The Daily Telegraph

Lost and found

How search for my missing dog nearly broke me

- Lost Dog: A Love Story by Kate Spicer published by Ebury Publishing RRP £16.99. Buy now for £15.99 at books. telegraph.co.uk or call 0844 871 1514

It had been over a week since her beloved Norfolk lurcher had gone missing, and writer Kate Spicer was in utter despair – “mad with grief ”. Days earlier, six-year-old Wolfy had escaped from her brother and sister-in-law’s house in Tufnell Park, north London, where Spicer had reluctantl­y left him for the first time to go to a wedding. As they opened their front door, Wolfy shot out – running up the road, through traffic and out of sight.

So began a frantic search to #Findwolfy. Spicer hurried back in floods of tears, posting a desperate message on Twitter, in the hope that a lead might emerge. What happened was that her cry for help took on a life of its own, sparking an outpouring of support. She was overwhelme­d by tweets of sightings from the public. Jeremy Corbyn, Jeremy Clarkson, Kay Burley, Amanda Holden and Ricky Gervais joined the search – The Office star’s tweet was shared more than 10,000 times. Their sympathy restored her fading faith in people, seeing her through that dark period in November 2015 and becoming the catalyst for her new memoir, Lost Dog: A Love Story.

“I was stunned that people from all walks of life turned out for me,” says Spicer. “At the same time, I felt shame. There were desperate images of Syria in the news and, while I was utterly bereft and terrified of losing my dog forever, I knew in the grand scheme of things mine was a meaningles­s tragedy.”

After Wolfy vanished, Spicer experience­d an extreme emotional reaction

– one she describes as “akin to losing a child” – which shocked her partner of nine years, Martin. While he tried to be pragmatic and philosophi­cal, Spicer followed every tip-off, even consulting a psychic. Her days and nights were spent combing local parks, calling Wolfy’s name. She was consumed by loss and began to lay a scent trail around nearby streets, using her own urine and dirty underwear.

Outwardly, Spicer is confident and successful but this, she says, disguises “deep damage caused by my parents’ divorce”.

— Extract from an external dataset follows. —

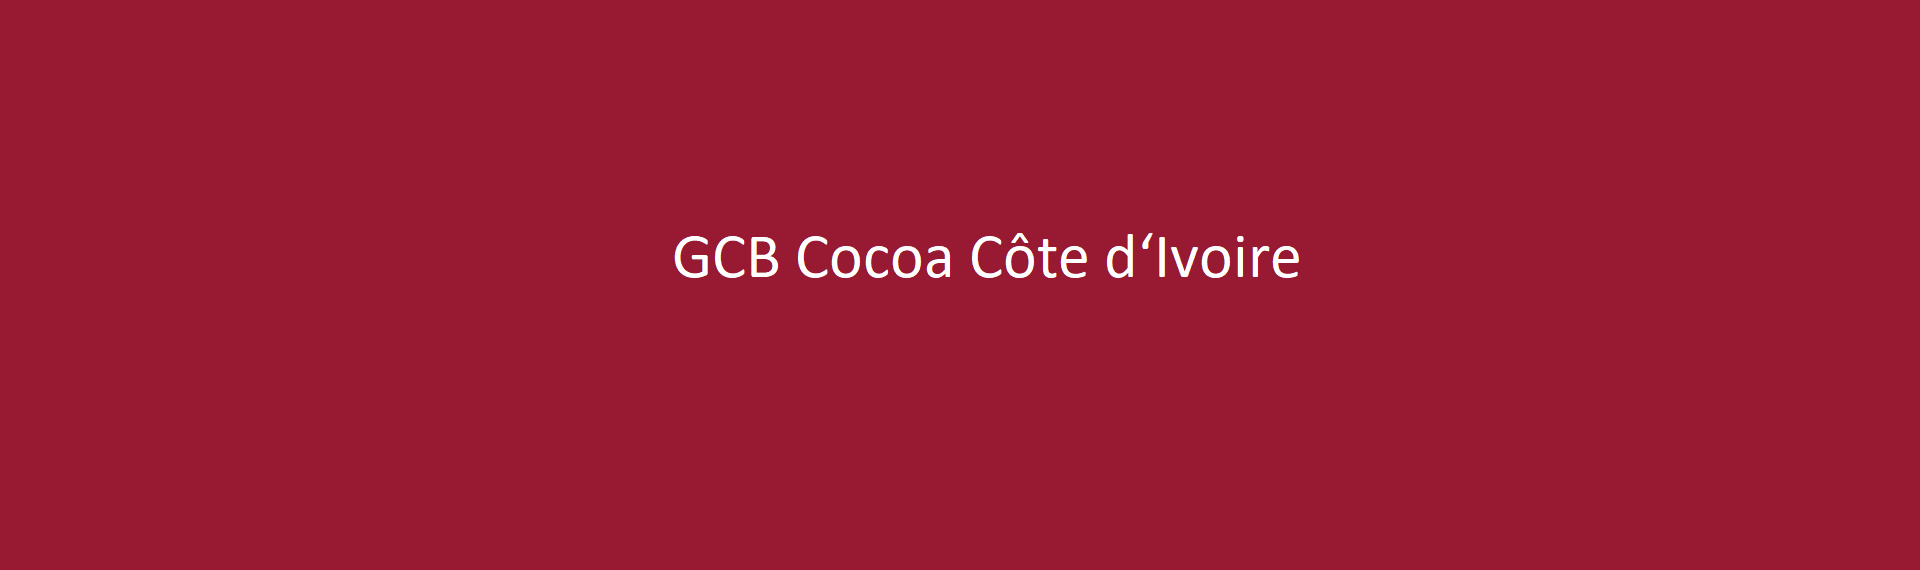 GCB Cocoa Côte d‘Ivoire

She goes on: “They split up when I was a child and for five years I didn’t see much of my Mum. So [losing Wolfy] was very ‘triggering’ in that sense – the feeling of complete longing for someone I loved, and total powerlessn­ess over the situation, brought that miserable childhood reality alive again.

“When you’re a child and away from a significan­t parent, you shut down to protect yourself,” she adds. “I had low self-esteem, and relished disruptive relationsh­ips and doing stupid things. I was, I suppose, lost.”

It was 2015 when Spicer decided to get a dog. She was 46 and life was “OK, but there was a void. I’d tried hard to fill it with wholesome things, but I also used drink and drugs”.

A lurcher seemed the perfect breed to share her and Martin’s small Notting Hill flat, but the couple were turned down by box-ticking specialist­s for their “lack of experience”. It was starting to look hopeless, until fate intervened and the local rescue centre called. A lurcher was available. Would they take him?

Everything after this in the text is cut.